- [Problem requirements] Apart from the pictures, write out the records that follow exactly.

Stored items from a collection
....

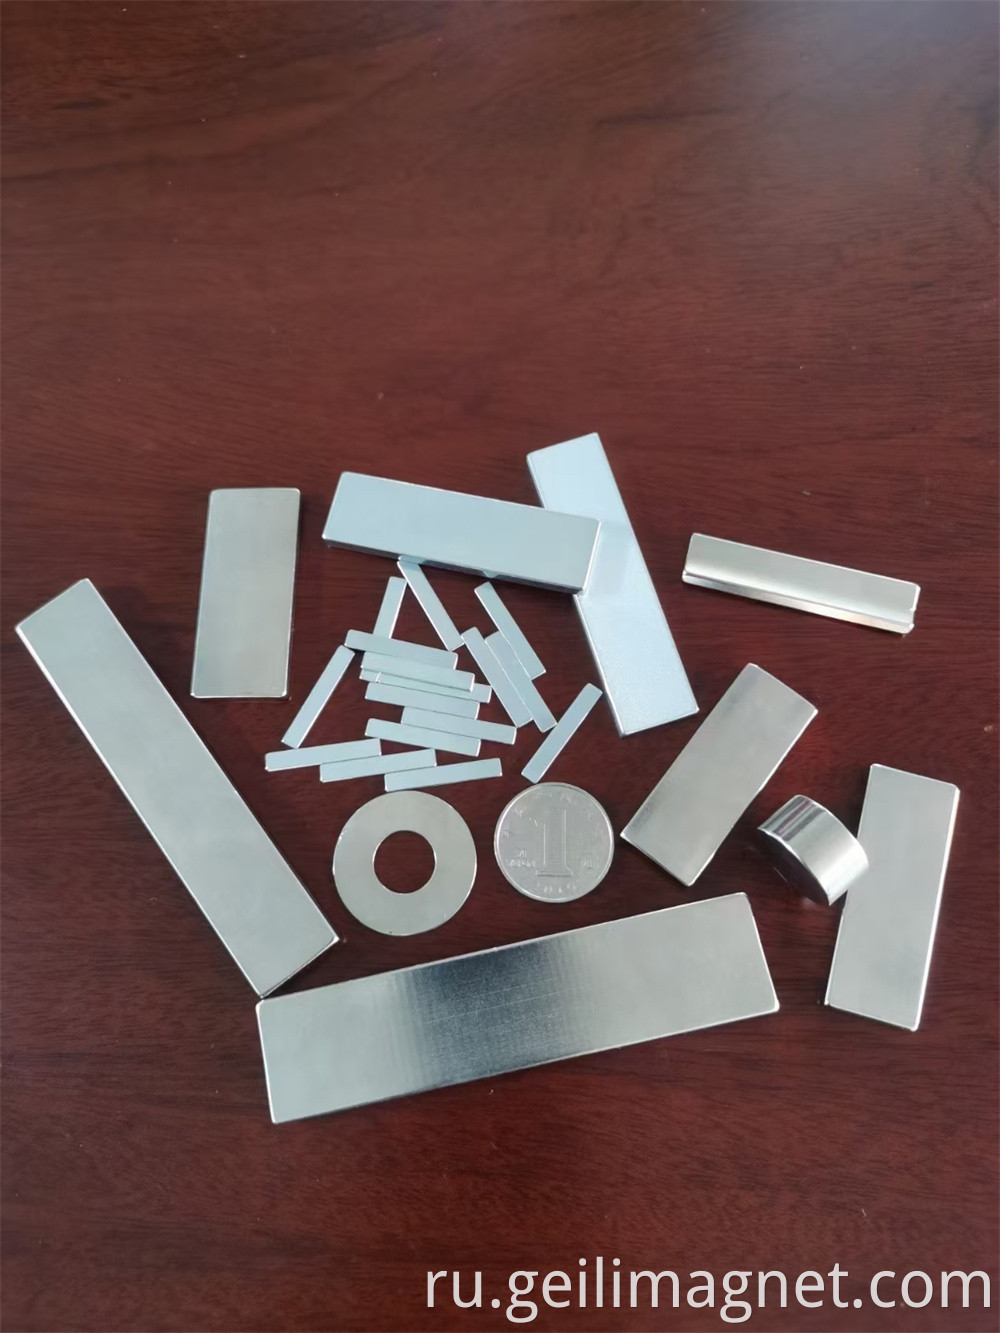 Full range of sintered Ndfeb circular magnets
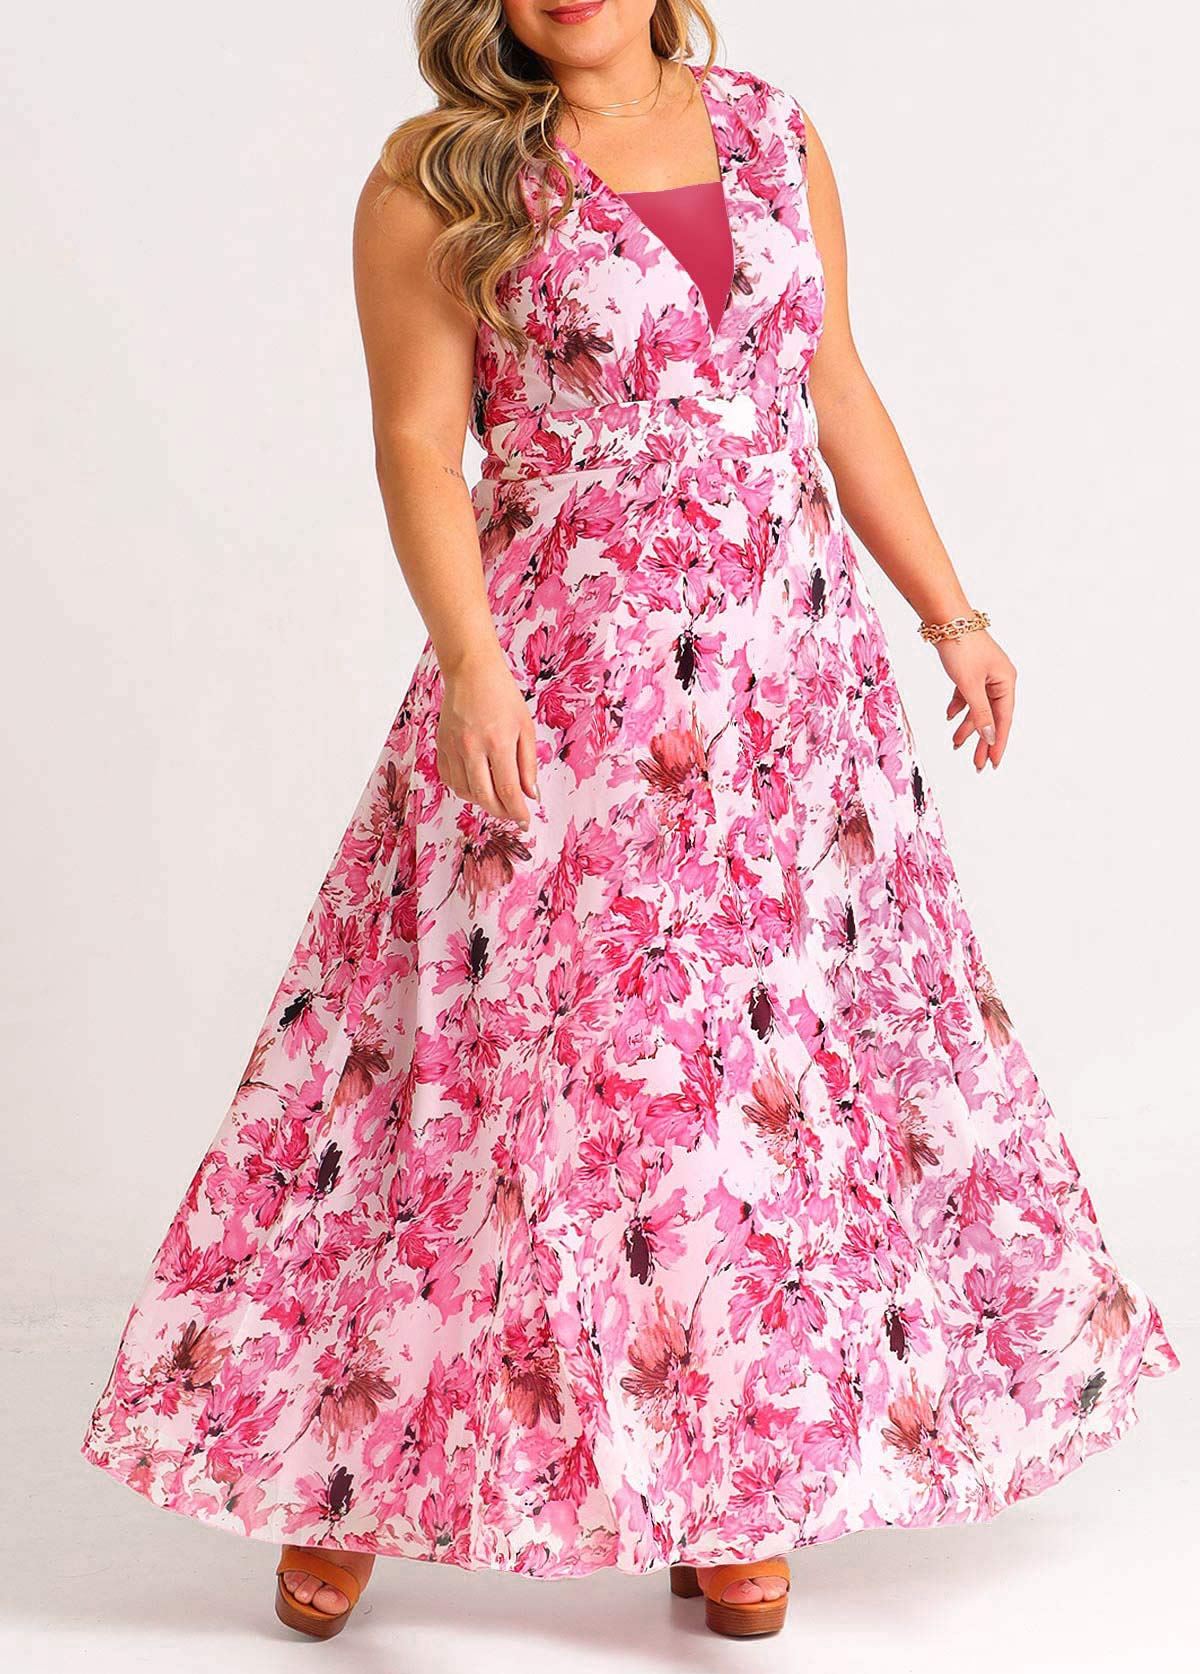 Sleeveless Floral Print Pink Chiffon Plus Size Dress
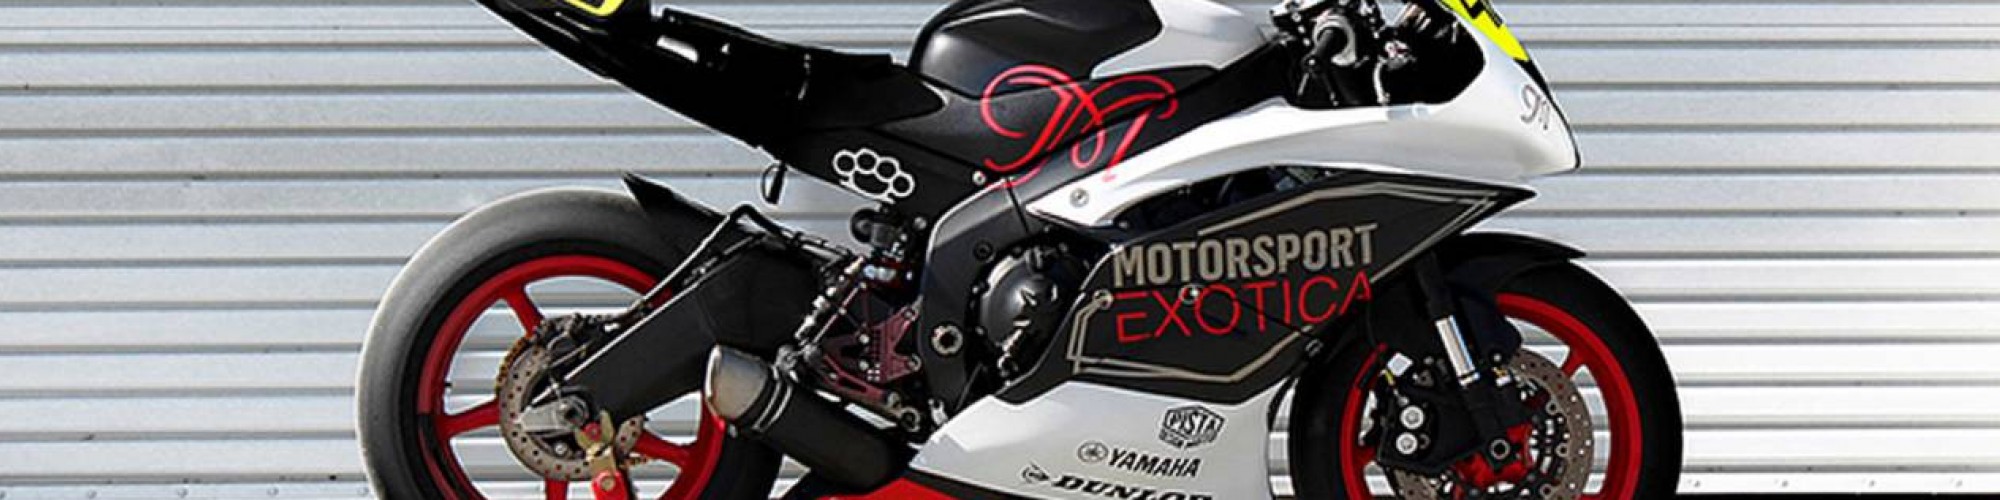 Motorsport Exotica  cover image
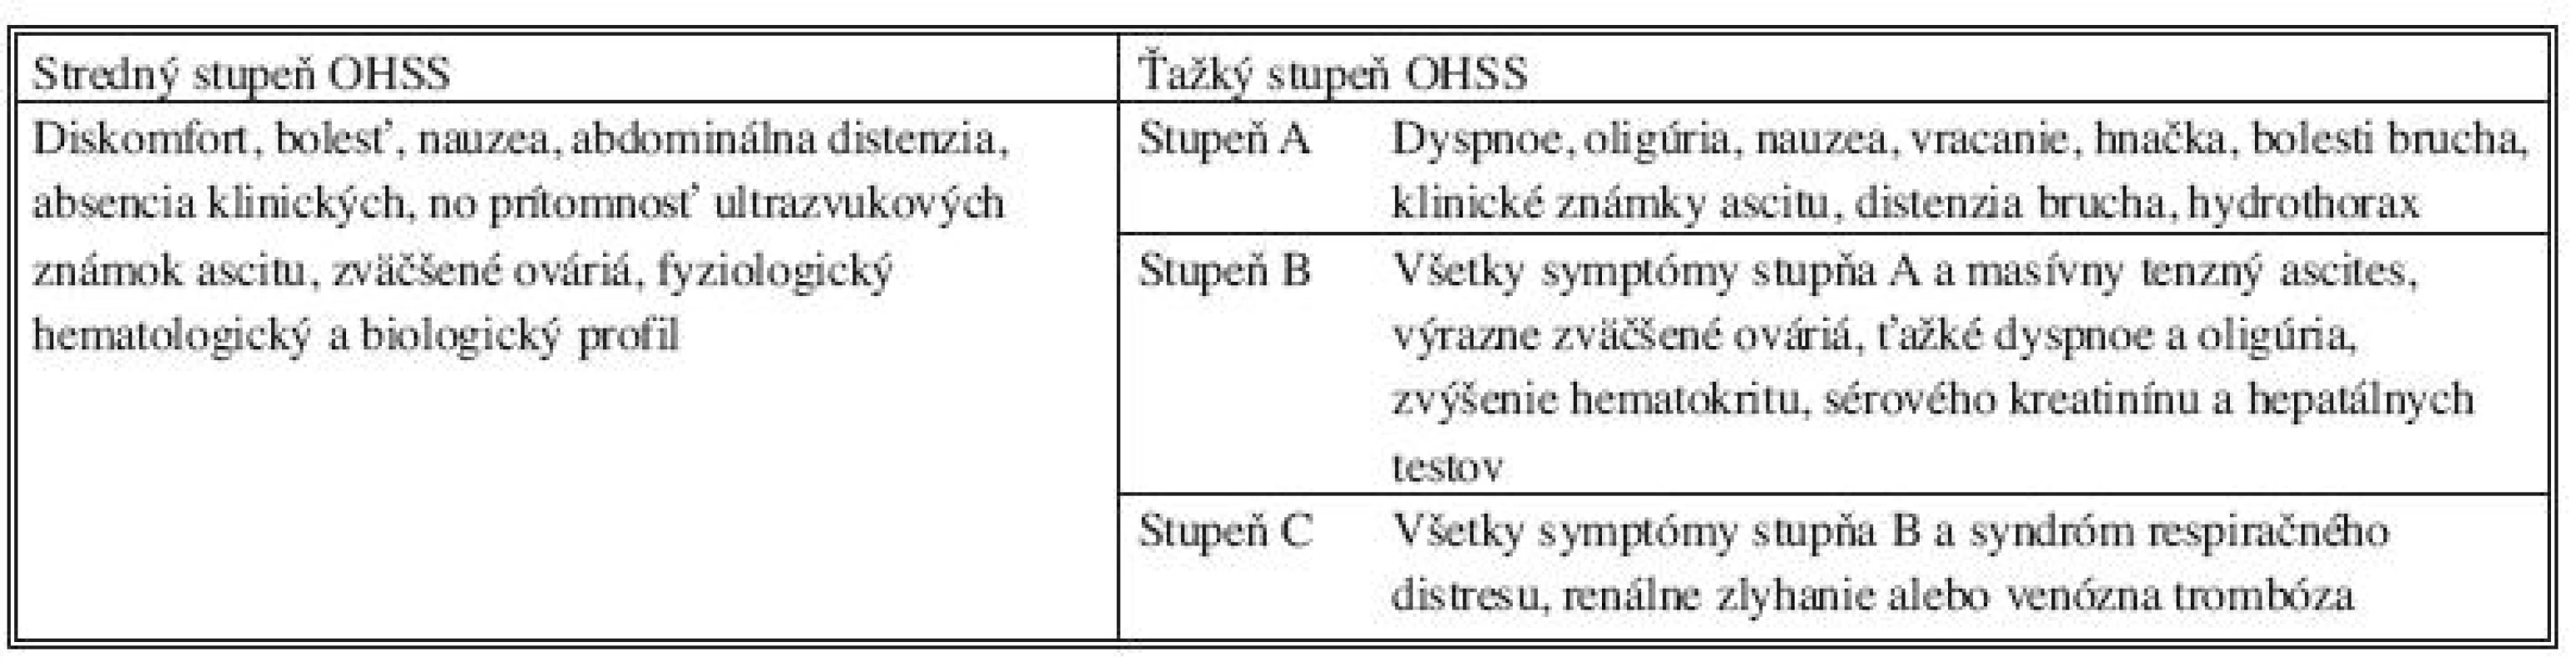 Klasifikácia OHSS z roku 1999 [7]
Tab. 1. Ovarial hyperstimulation syndrome (OHSS) classification, 1999 [7]

....

- [Output for this task]
 Full range of sintered Ndfeb circular magnets
 Sleeveless Floral Print Pink Chiffon Plus Size Dress
 Motorsport Exotica  cover image
 Klasifikácia OHSS z roku 1999 [7]
Tab. 1. Ovarial hyperstimulation syndrome (OHSS) classification, 1999 [7]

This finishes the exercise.